Berita

Ilustrasi Foto: Logo KPK/RMOL

Hukum

KPK Sambut Baik Komitmen Prabowo-Gibran Perangi Korupsi

MINGGU, 20 OKTOBER 2024 | 07:58 WIB | LAPORAN: JAMALUDIN AKMAL

Komitmen Prabowo Subianto-Gibran Rakabuming Raka dalam memperkuat upaya pemberantasan korupsi didukung penuh Komisi Pemberantasan Korupsi (KPK).

Hal itu disampaikan Ketua Sementara KPK, Nawawi Pomolango menjelang pelantikan Presiden dan Wakil Presiden periode 2024-2029 yang akan berlangsung hari ini, Minggu, 20 Oktober 2024.

Nawawi mengatakan, dalam visi dan misi, Prabowo-Gibran menyatakan tekadnya untuk memperkuat reformasi politik, hukum, dan birokrasi, serta pemberantasan korupsi dan narkoba. Pencegahan dan pemberantasan korupsi juga menjadi salah satu dari 17 program prioritas Prabowo-Gibran.


"Sebagai bagian dari gerakan nasional melawan korupsi, KPK menyambut baik rencana penguatan sistem pendanaan dan pembiayaan politik yang lebih independen dan transparan, serta upaya mencegah korupsi dalam menjaga keberlangsungan demokrasi," kata Nawawi kepada wartawan, Minggu, 20 Oktober 2024.

Langkah tersebut, sejalan dengan reformasi politik yang diusung Prabowo-Gibran yang akan membantu menciptakan iklim politik yang lebih bersih dan bebas dari praktik koruptif.

Selain itu, Nawawi juga berharap agar reformasi hukum yang dijanjikan dapat diwujudkan secara nyata, terutama dalam memperkuat institusi penegak hukum seperti KPK, Kepolisian, Kejaksaan, dan Kehakiman.

Di saat yang sama, KPK juga akan melanjutkan tugas dan fungsinya yang tak semata mengedepankan penindakan, namun juga pencegahan dan pendidikan antikorupsi.
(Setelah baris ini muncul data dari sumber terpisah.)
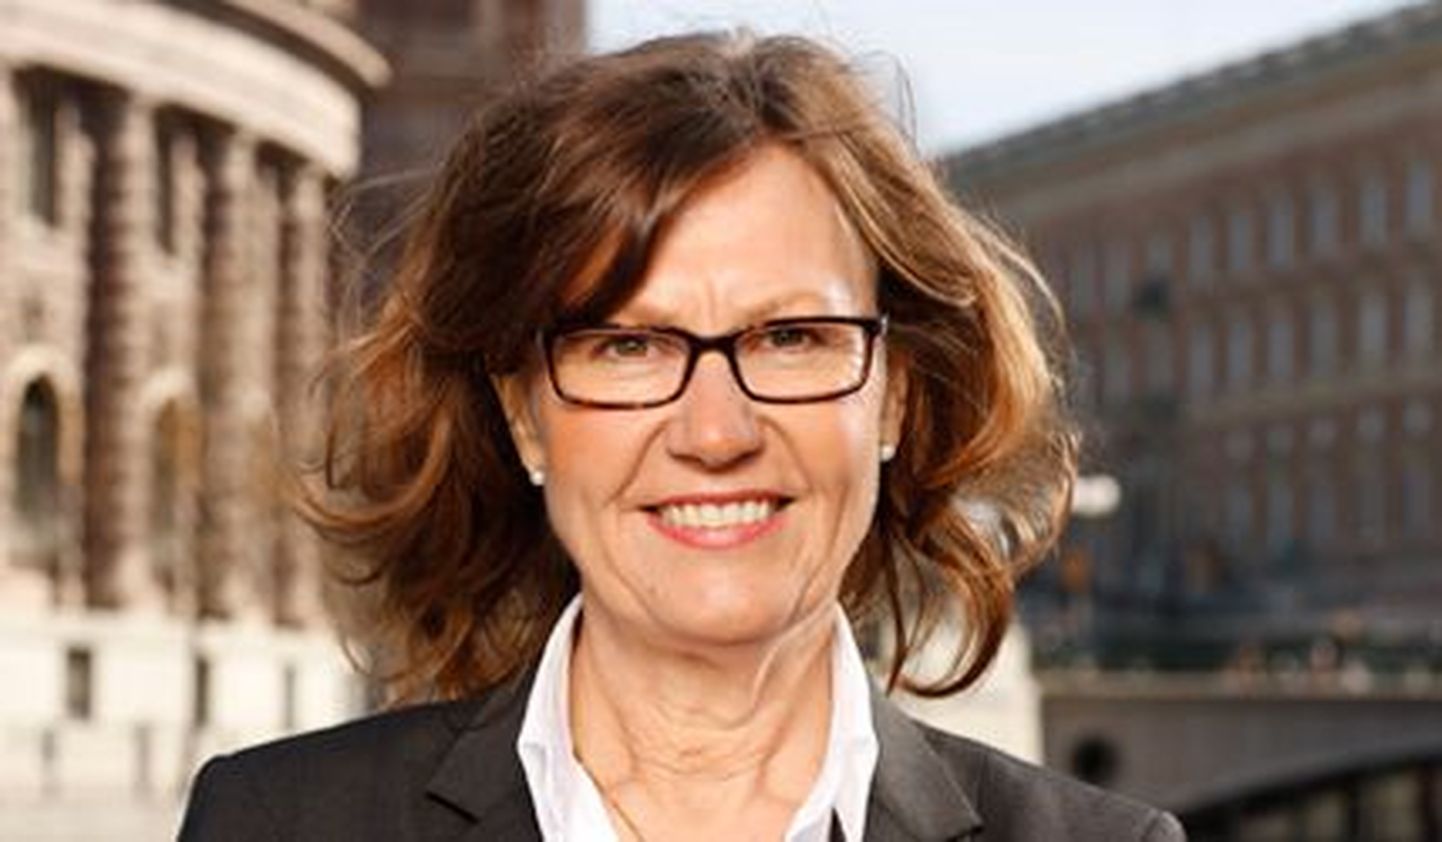 Anna-Stina Nordmark Nilsson

“Dengan menjadikan KPK sebagai center of excellence dalam upaya pemberantasan korupsi, KPK siap untuk bekerja sama secara erat dalam pencegahan melalui edukasi antikorupsi di berbagai jenjang pendidikan, serta meningkatkan sinergi dengan sektor swasta dan publik," terang Nawawi.
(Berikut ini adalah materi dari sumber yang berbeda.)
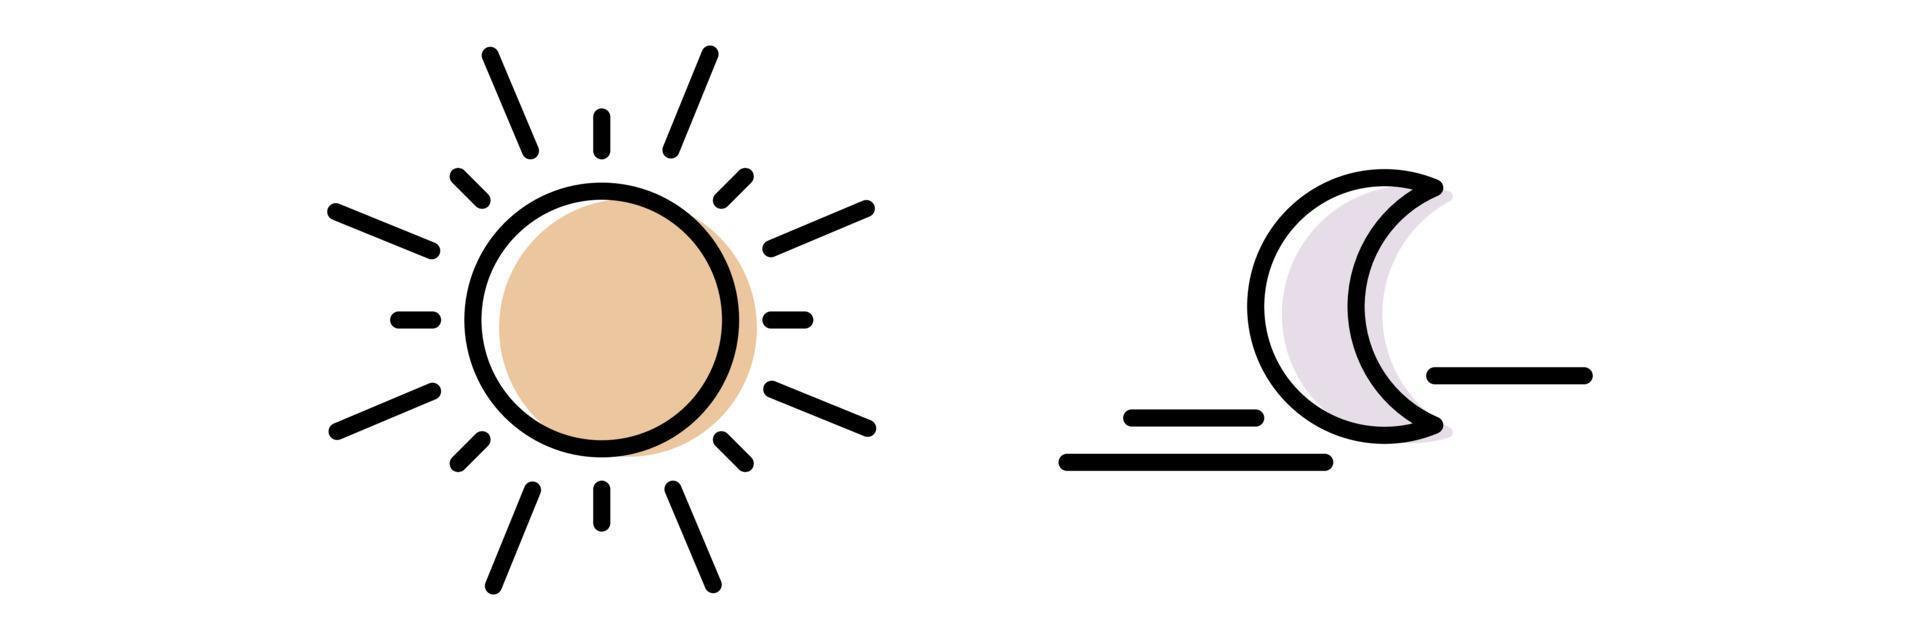 verander dag- en nachtcycluslijnpictogram. bewegingspad zon en maan. klok met de tijd van de dag. cirkel met pijl zon en maan. vector illustratie

KPK juga mendukung komitmen pemerintah untuk memastikan independensi KPK dan institusi hukum lainnya dalam penegakan hukum kasus-kasus korupsi.

"Upaya tanpa intervensi ini sangat penting untuk menjaga profesionalitas dan integritas lembaga penegak hukum, serta menjamin supremasi hukum yang adil dan transparan," tegasnya.

Tak hanya itu, lanjut Nawawi, komitmen pemerintah baru untuk memprioritaskan pemberantasan korupsi di sektor-sektor yang berkaitan dengan hajat hidup orang banyak, seperti pertanian, pedesaan, perikanan, pendidikan, kesehatan, kehutanan, serta pengelolaan sumber daya alam dan tenaga kerja, juga akan terus didukung penuh oleh KPK.

"Bersama pemerintah, KPK akan terus bekerja untuk memastikan bahwa sumber daya publik dikelola dengan baik dan terbebas dari tindak pidana korupsi," tutur Nawawi.

Sambung dia, KPK mendukung upaya pemerintah dalam membangun pengendalian korupsi pada sistem logistik nasional. Integrasi sektor perhubungan, perdagangan, pertanian, perikanan, kelautan, dan pedesaan diyakini tidak hanya mendorong kemudahan berusaha, tetapi juga meningkatkan efisiensi biaya produksi dan pengelolaan sumber daya publik.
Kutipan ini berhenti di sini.